Theres my breeding plan could you tell me what you think of it and if any thing is wrong please correct me thank you. 
*


----------



## iiisecondcreep (Oct 29, 2007)

I've bred crickets before and it was a TOTAL ACCIDENT. 

Normal cricket set up, as you'd keep them for just feeder. Stick in a few wee trays of damp substrate, hey presto- baby crickets.

Be warned, baby crickets are best described 'grains of sand on top of a drum thats being played'. They are teeny tiny and they just boing all over the damn place. The brown ones anyway, I've (THANKFULLY) never accidentally ended up with black crickets breeding.

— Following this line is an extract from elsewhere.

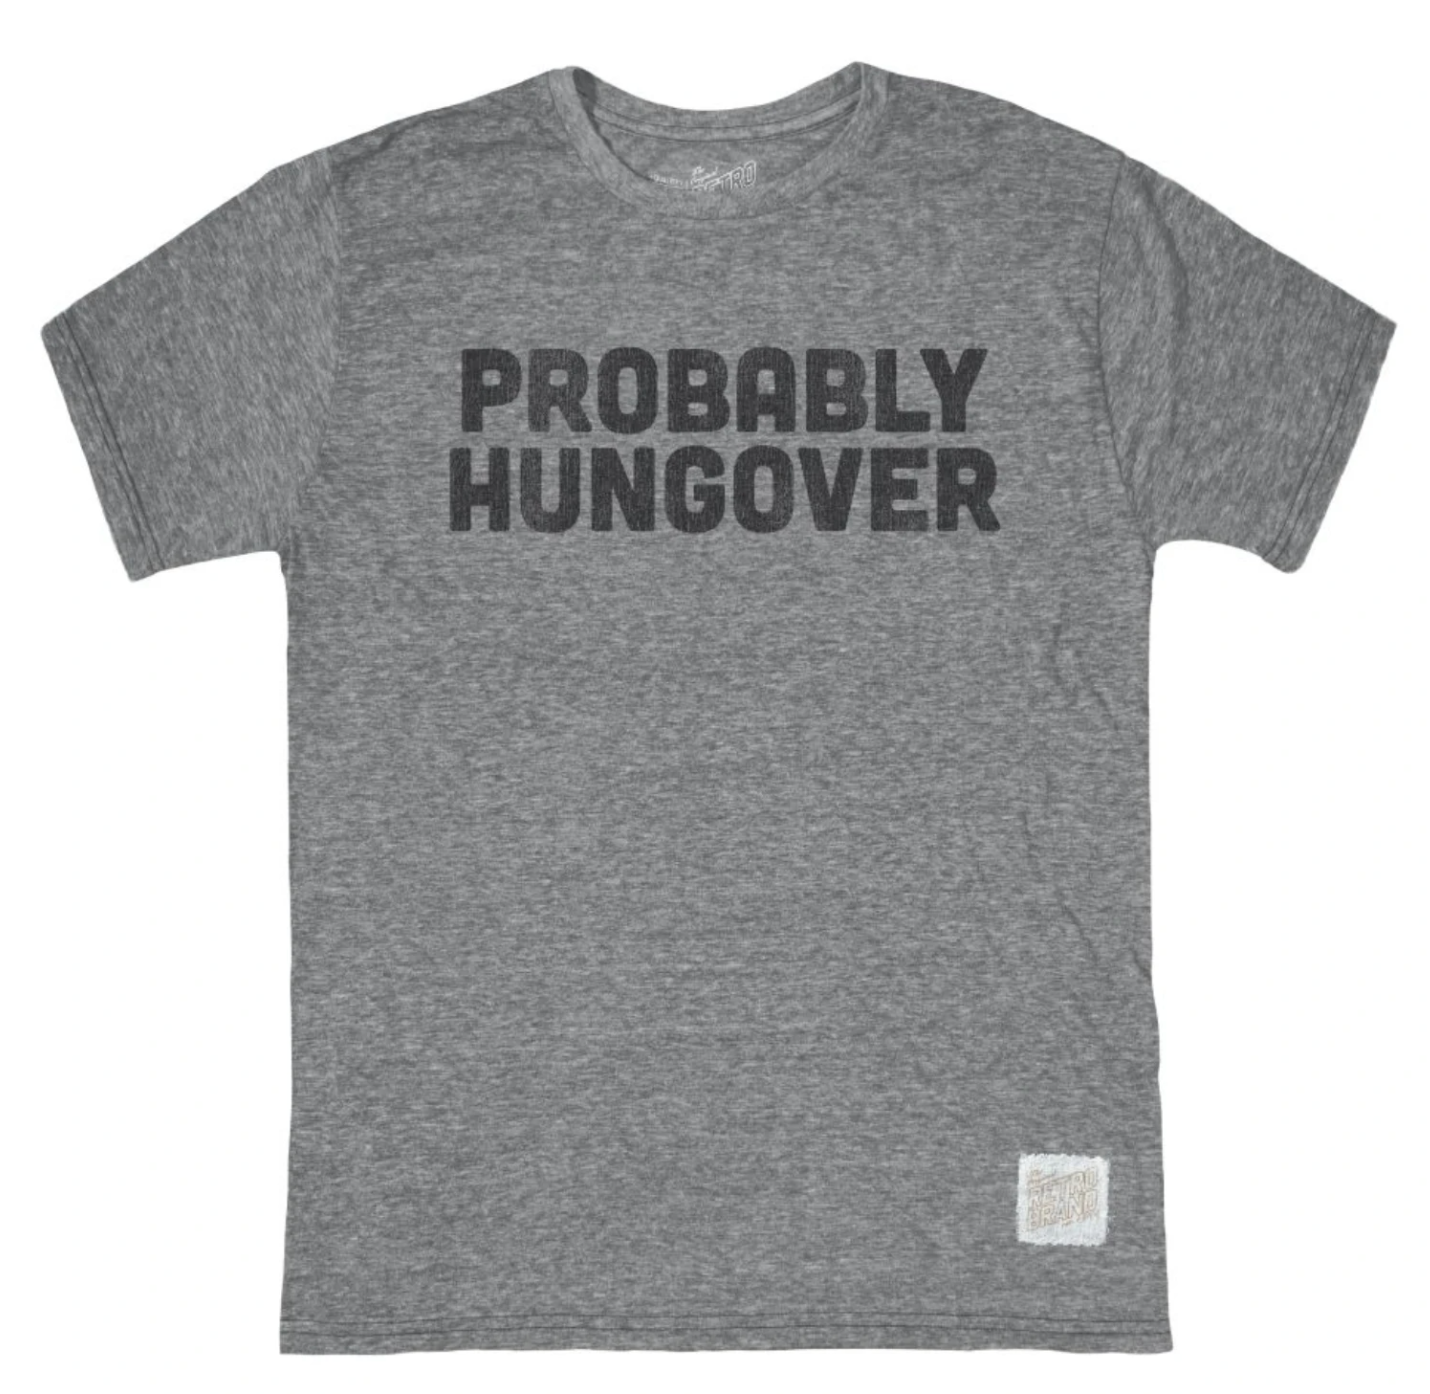 Probably Hungover Tri-Blend Unisex Tee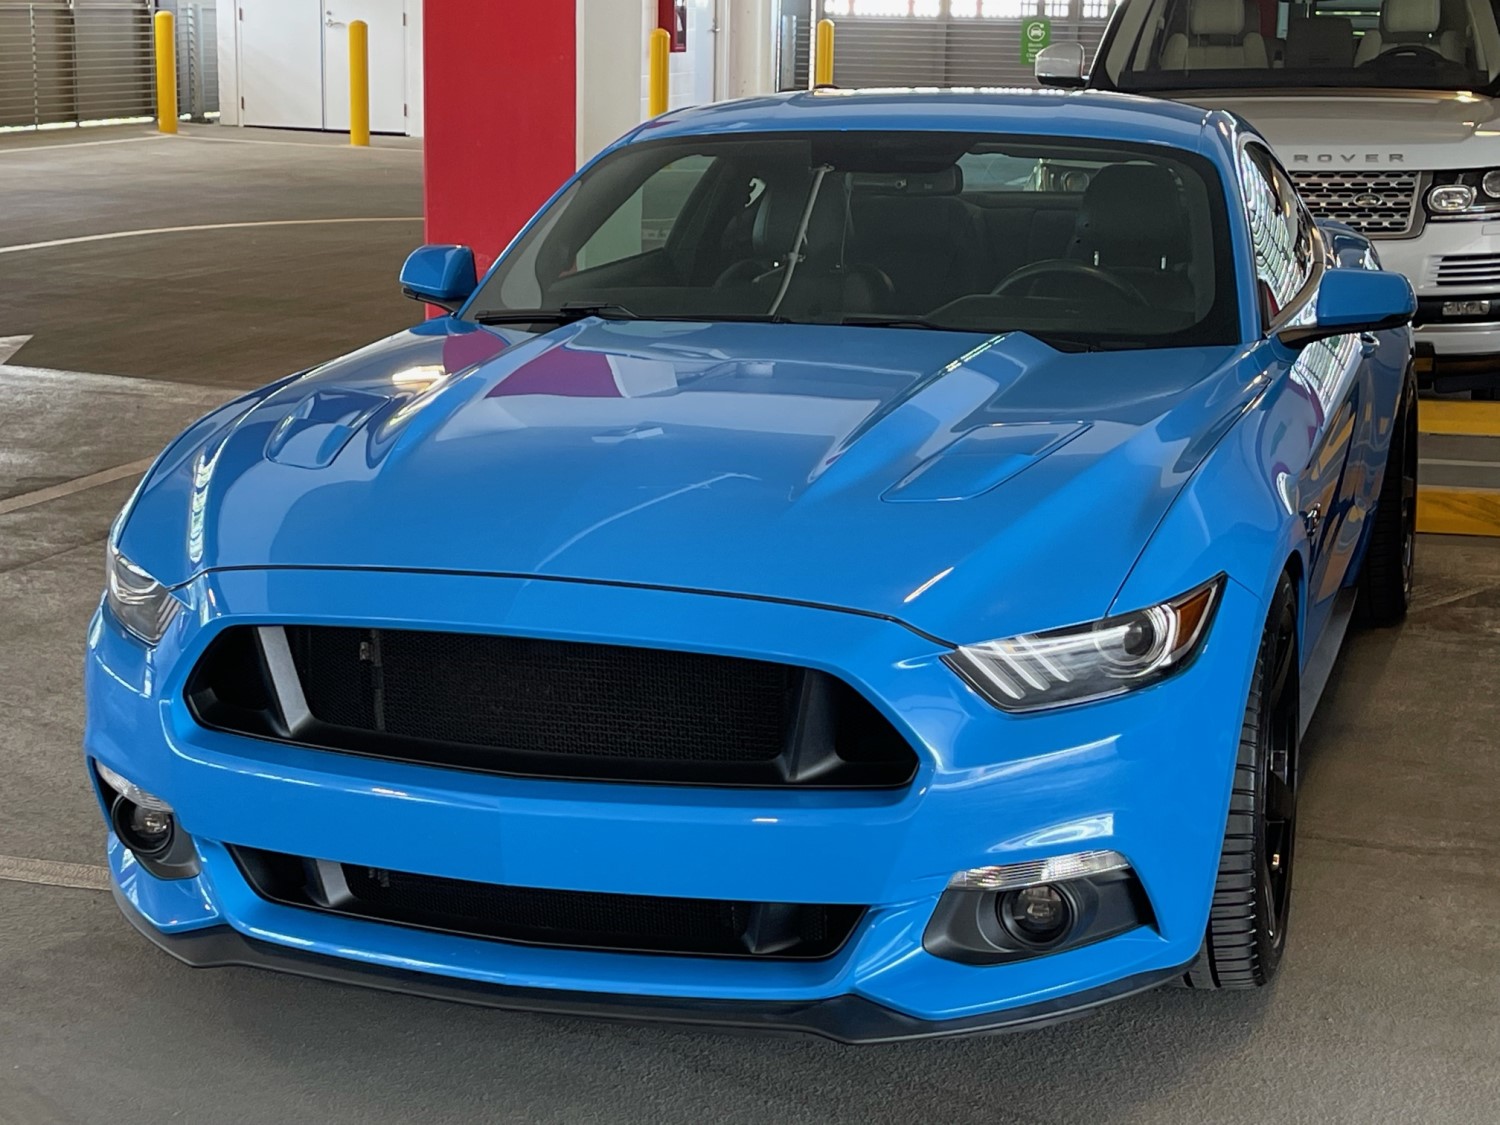 Grabbing Attention: A Plain Grille on a Grabber Blue Ford Mustang

ok so its not exactly a plan as such...

I'd recommend keeping them in something that has a removable base for ease of cleaning. Although one of those plastic tanks you can get cheap would probably be easier.
Also, ideally you'd want to keep the different sizes seperate.


----------



## andyshaw2008 (Mar 6, 2008)

Thank you well i try that out then and what do you think of my mealworms breeding guide im going to use is it good? or bad lol


----------



## iiisecondcreep (Oct 29, 2007)

Never bred mealworms, not even used them for years now so i don't really know tbh 

Looks like you've done your research though.
Am sure lots of people on here breed them, you'll probably get a reply from someone who knows soon enough 

Good luck


----------



## andyshaw2008 (Mar 6, 2008)

Thank you and do you know how to breed locusts?


----------